湖南公車事件!

A student was killed and at least 60 people were injured in central China when villagers armed with bricks and rocks clashed with baton-wielding police over rising bus fares, witnesses and news reports said Tuesday.Residents in Zhushan, a village in Hunan province, began gathering around a government building Friday to protest the new price of public bus tickets, said Jiang Zhaoyuan, who saw the demonstration that lasted through the weekend. The price had doubled over the Chinese New Year holiday in February.

The crowd swelled to about 20,000 by Monday and the protest turned violent when local authorities dispatched police, who started attacking people, said Zhang Zilin, a local human rights activist who rushed to the scene after a resident called him.

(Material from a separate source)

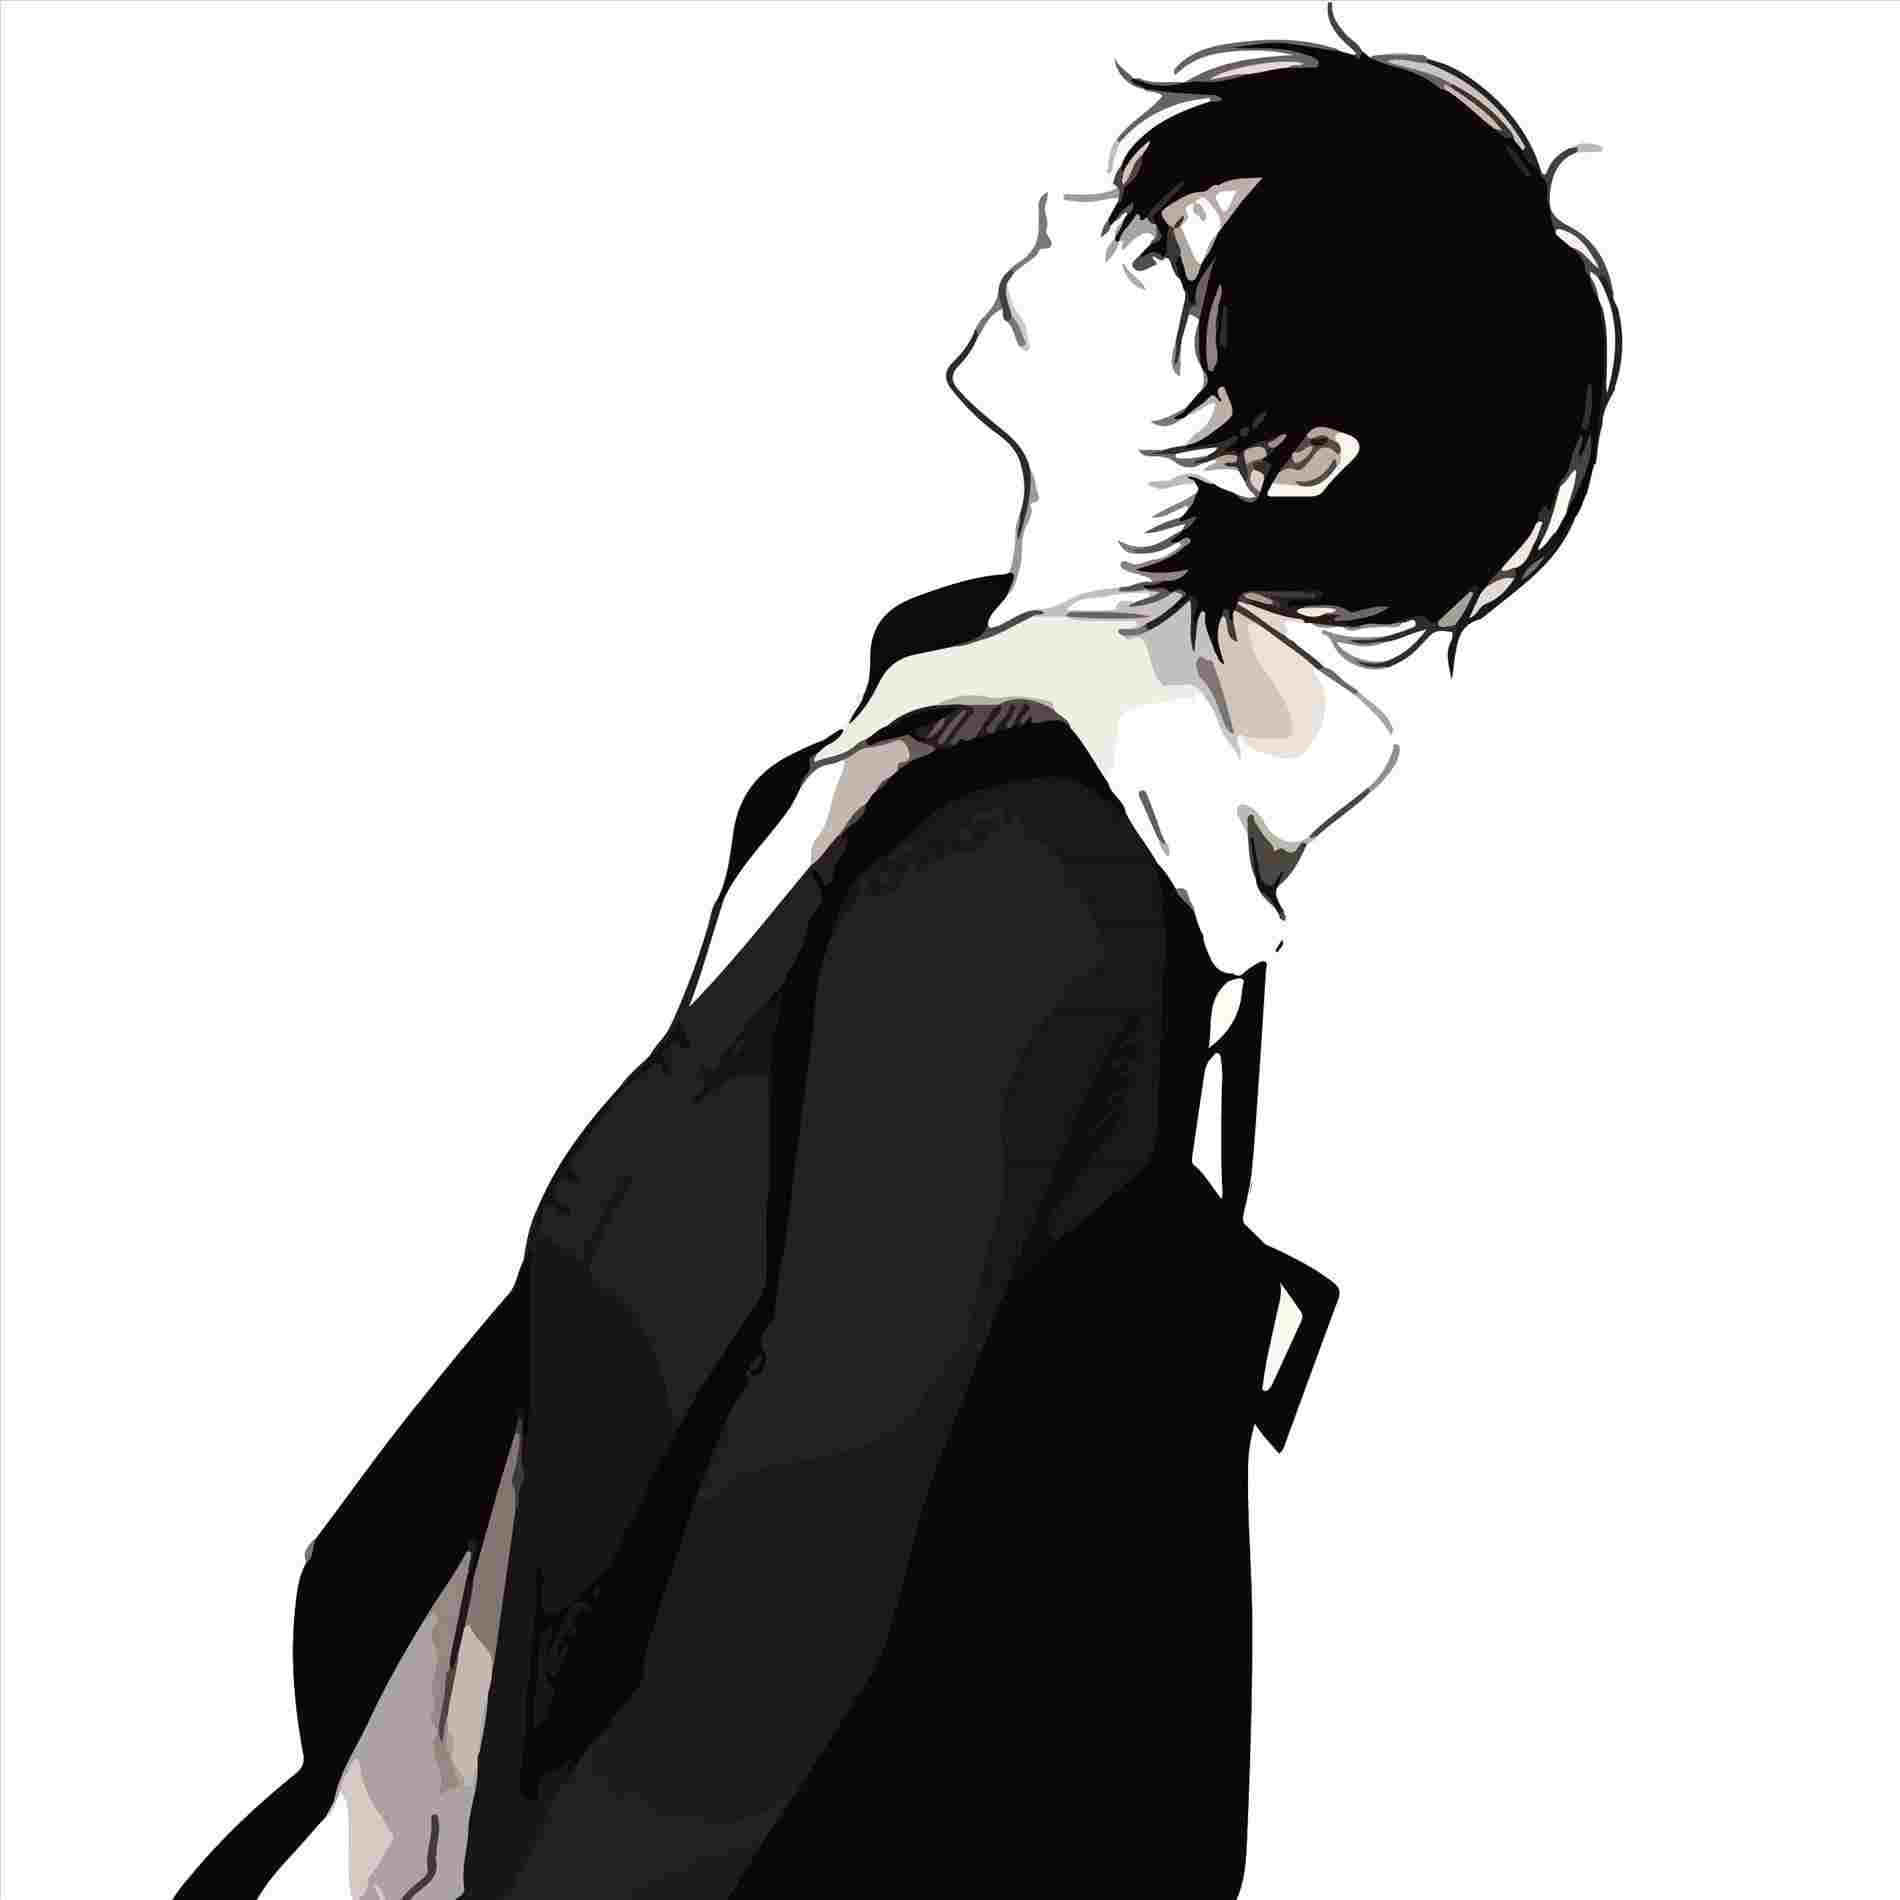 Sad Depressing Anime Boy Look Up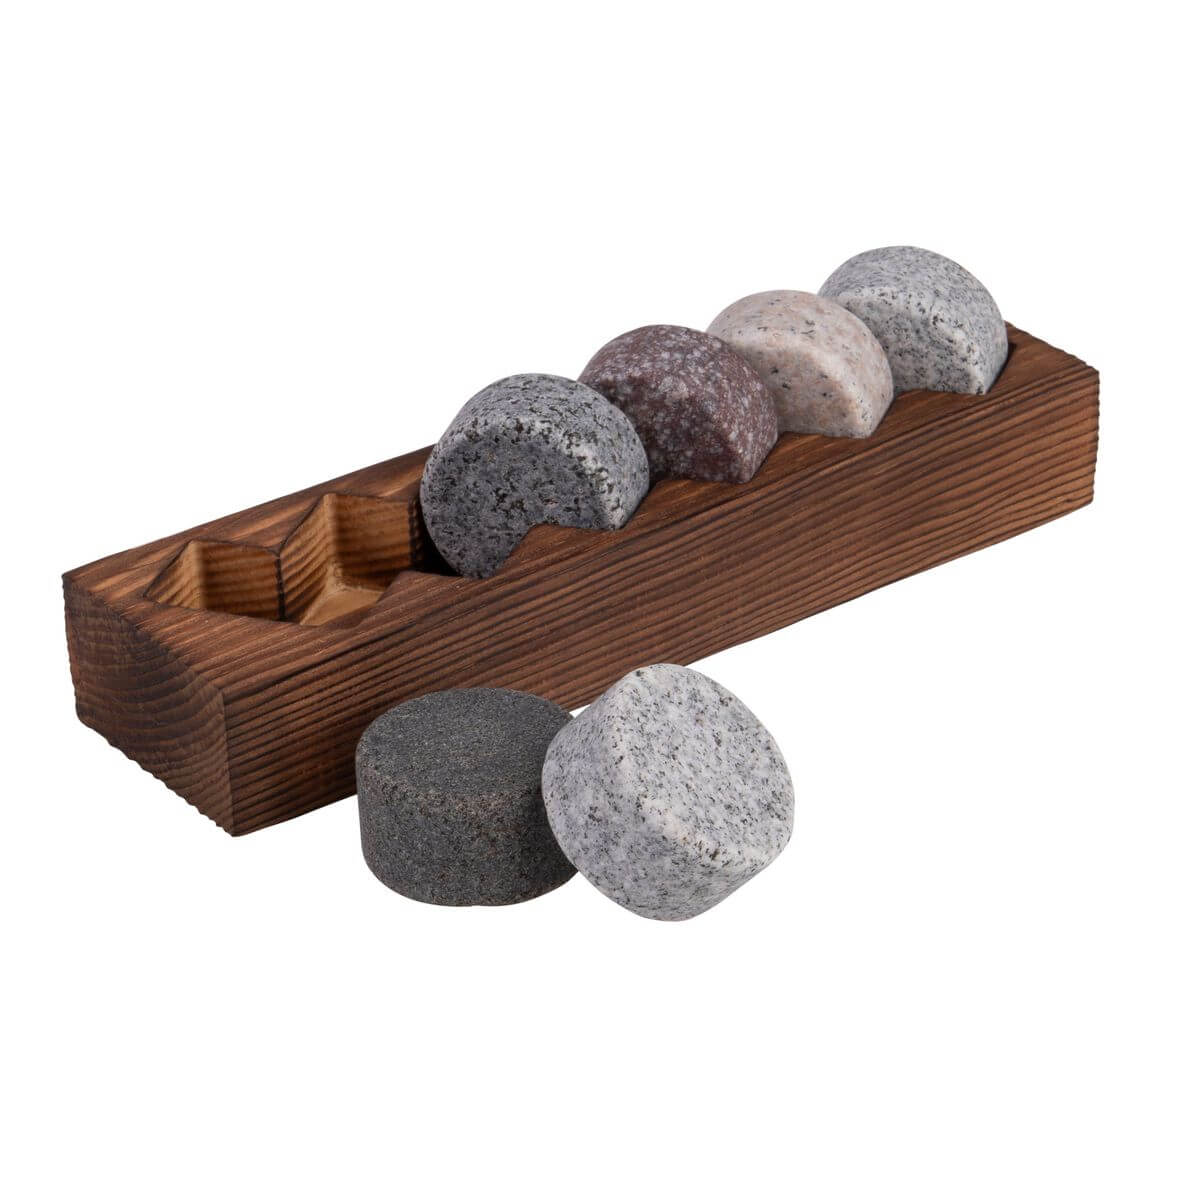 Six granite whiskey stones in a dark timber display case

It was the latest in series of bloody confrontations between authorities and citizens, most over corruption, the widening gap between rich and poor, and official attempts to seize land.

On Tuesday, road blocks were set up to seal the area and police put up notices asking people who participated in the demonstration to turn themselves in, Zhang said. Other villagers said local officials were visiting homes and telling people to keep calm and stay off the streets, which were being patrolled by scores of paramilitary police.

During the peak of the violence on Monday, protesters were “very, very angry and were shouting ‘Beat the government dogs to death,'” Zhang, 22, said in a phone interview. They were throwing rocks and bricks at the officers and set fire to five police cars, he said.

At least 1,500 paramilitary police and riot police wearing helmets and carrying batons yelled back “Beat them to death,” Zhang said.

“They beat everyone including old people, children, women and people who were just passing by,” he said. At least 60 people were injured, Zhang said.

He said the clash lasted about five hours, starting midday, and villagers surrounded the government offices until 8 p.m. before dispersing.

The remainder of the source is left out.